▶ _How to complete this task_
Would you output the listing exactly, with every image omitted?

▶ _Data excerpt_
──────────────────────────────

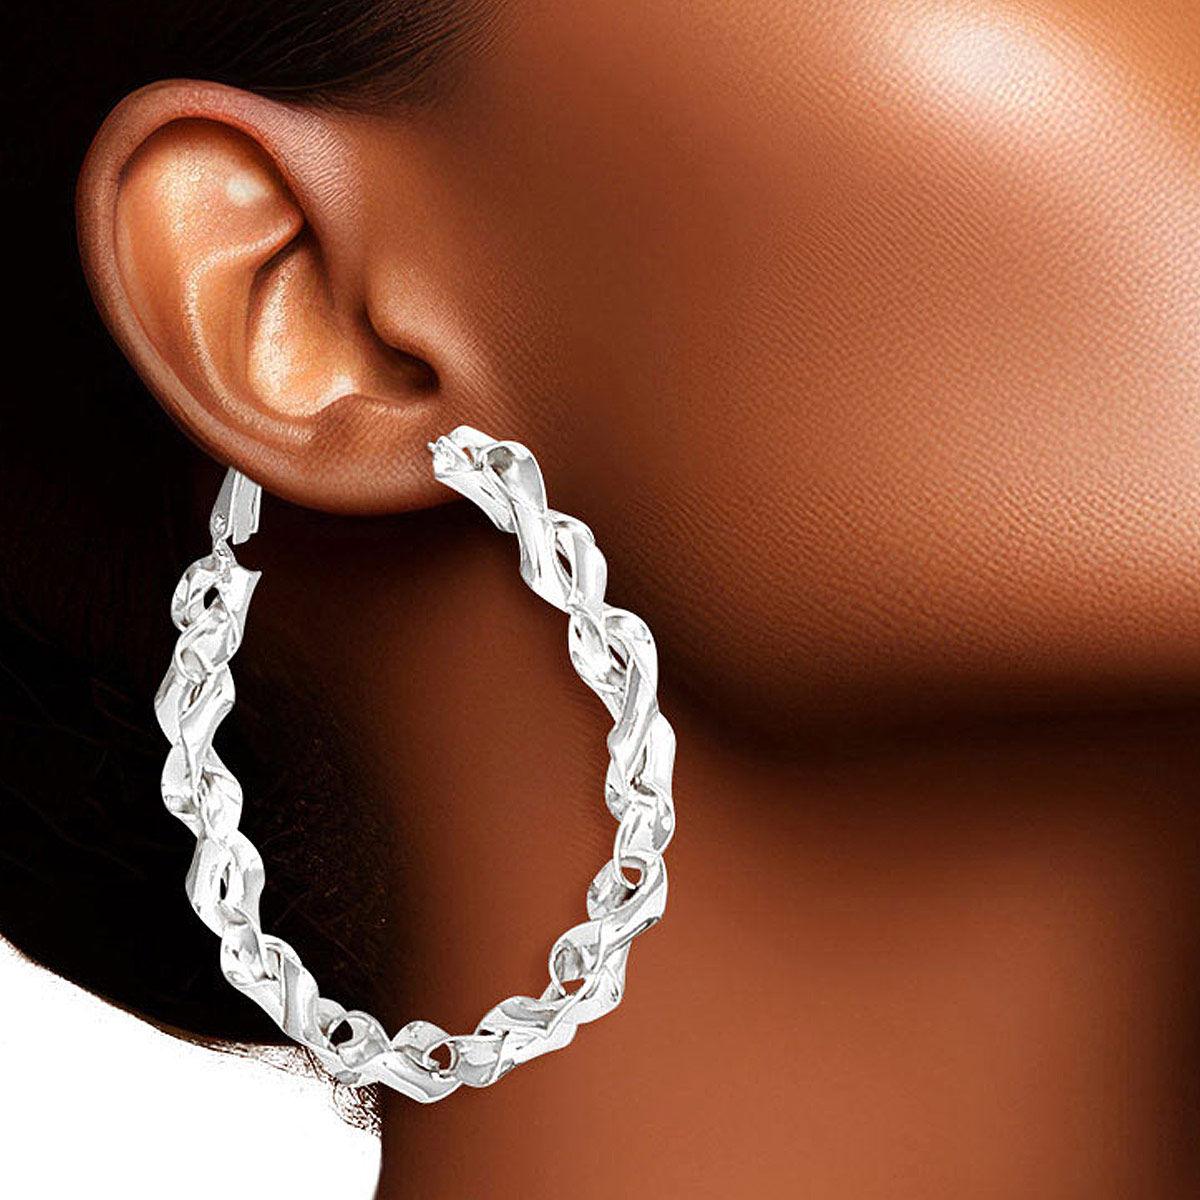 Get Ready to Slay with Twisted White Gold Finish Hoop Earrings: Stand Out!
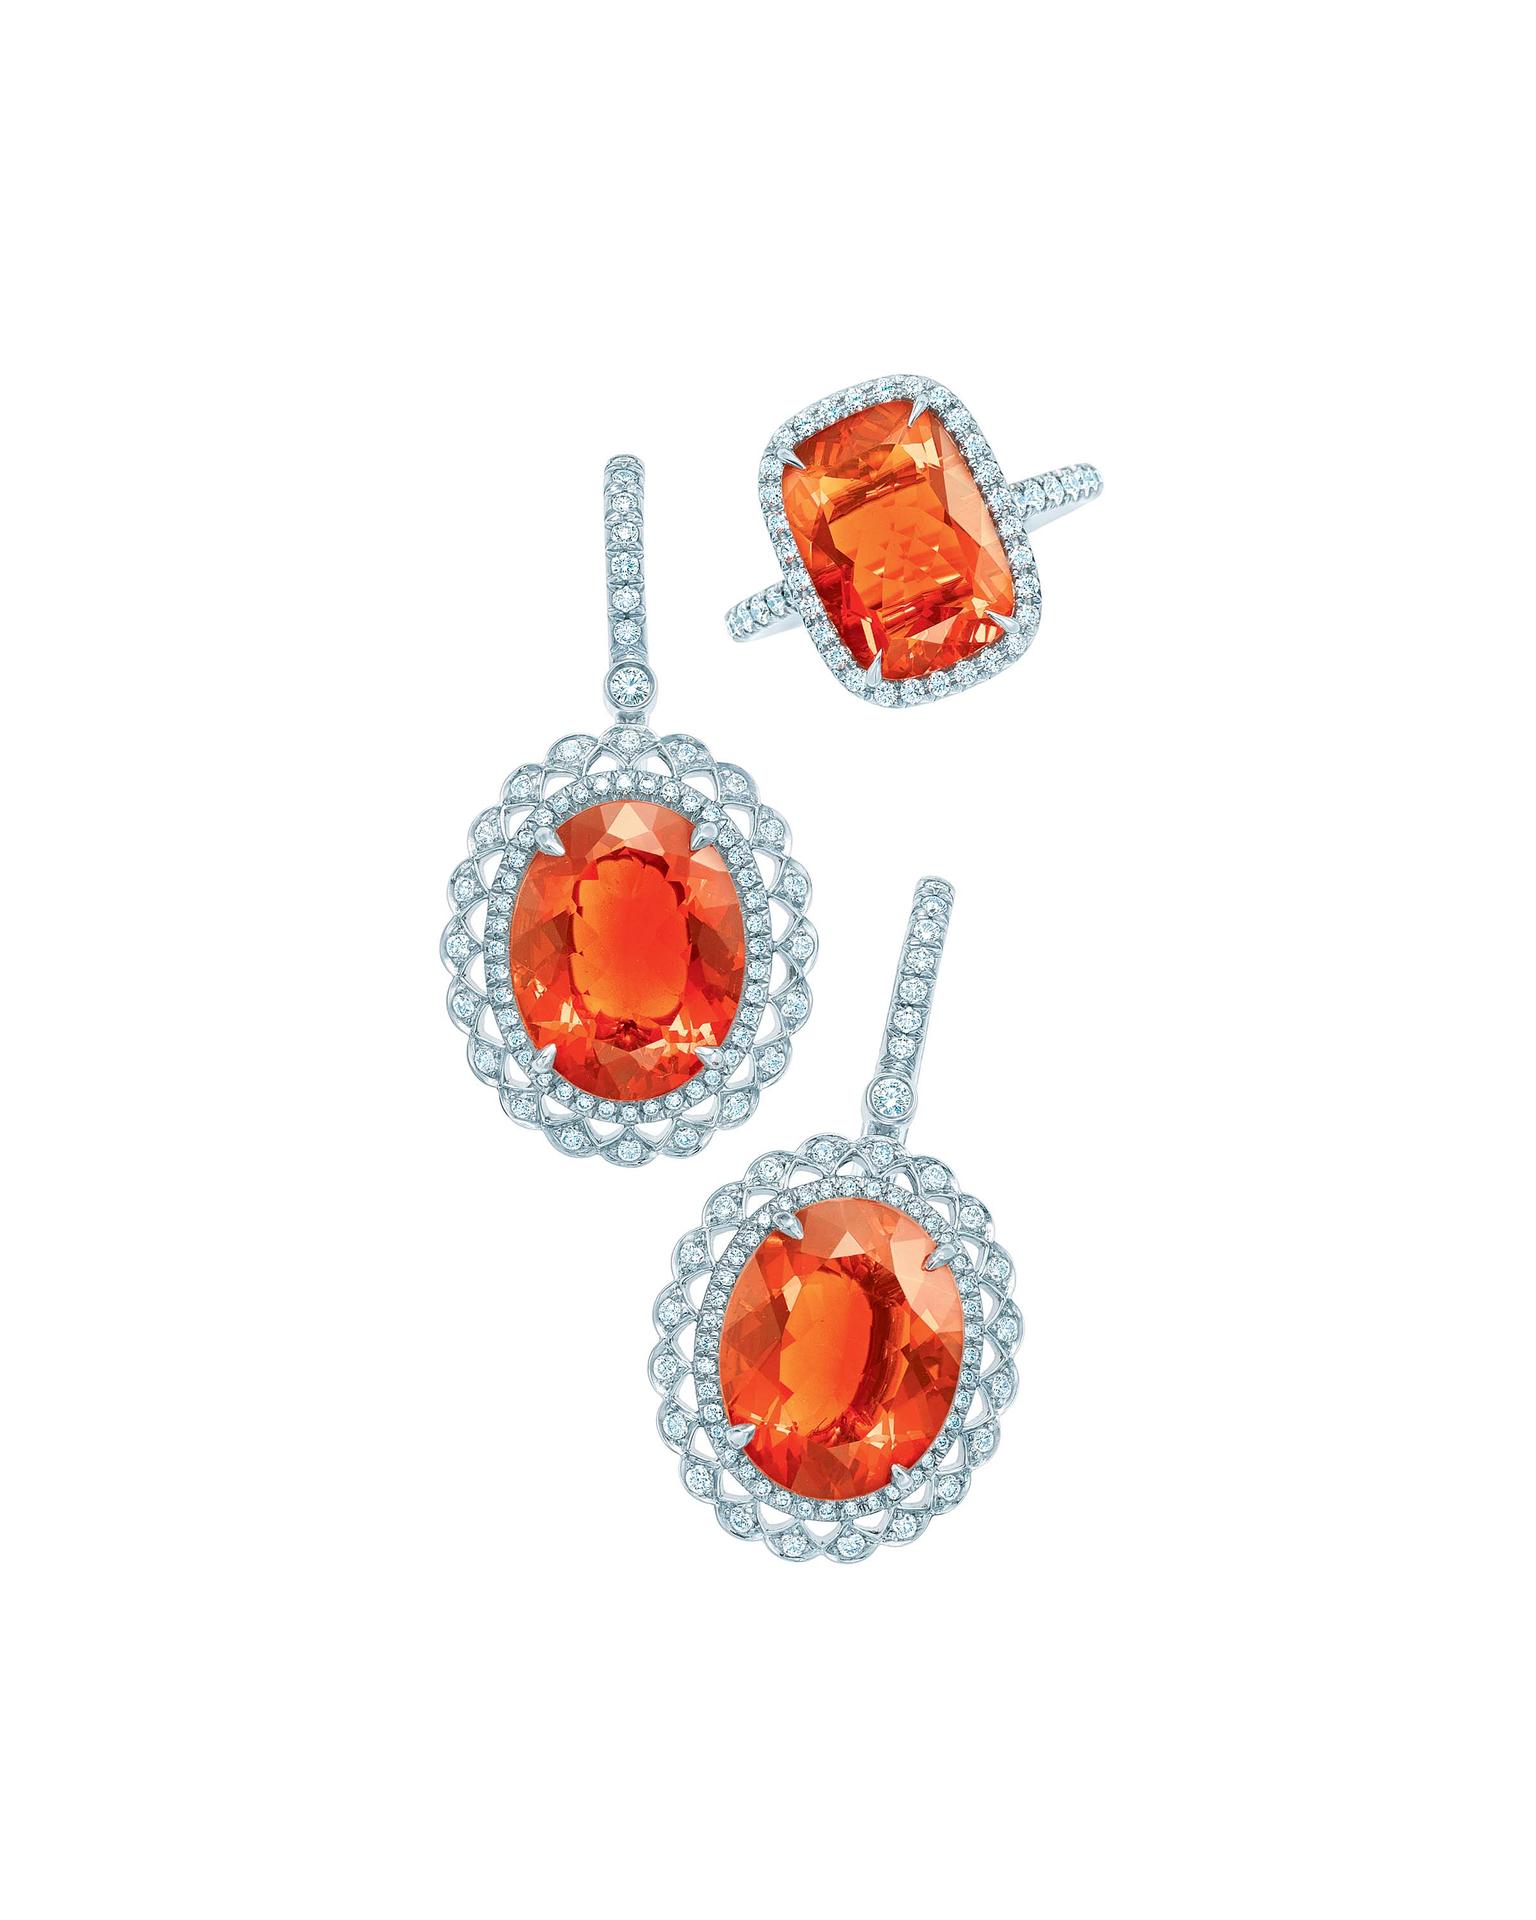 Tiffany & Co. Blue Book Collection fire opal earrings and ring with diamonds set in platinum
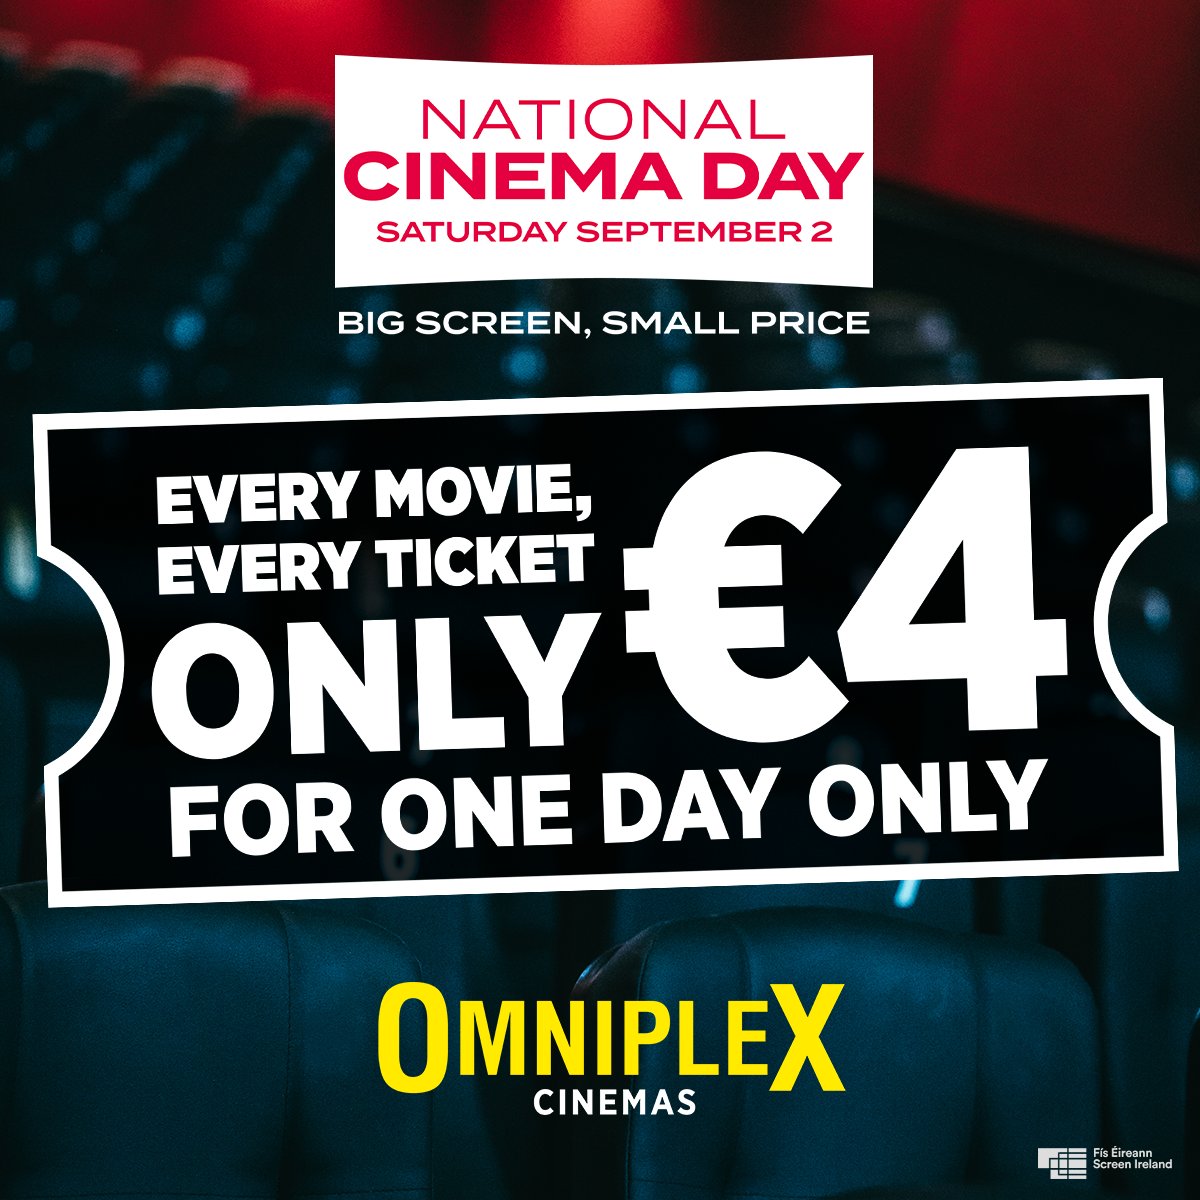 This Saturday Sept 2nd see ANY movie, ANY time for just €4🍿Celebrate #NationalCinemaDay at Omniplex Cinemas and catch some of the year's biggest blockbuster movies across Ireland - for one day only! Avoid disappointment! Pre-book your tickets now at omniplex.ie

──────────────────────────────

▶ _Result of this task_
 Get Ready to Slay with Twisted White Gold Finish Hoop Earrings: Stand Out!
 Tiffany & Co. Blue Book Collection fire opal earrings and ring with diamonds set in platinum
 This Saturday Sept 2nd see ANY movie, ANY time for just €4🍿Celebrate #NationalCinemaDay at Omniplex Cinemas and catch some of the year's biggest blockbuster movies across Ireland - for one day only! Avoid disappointment! Pre-book your tickets now at omniplex.ie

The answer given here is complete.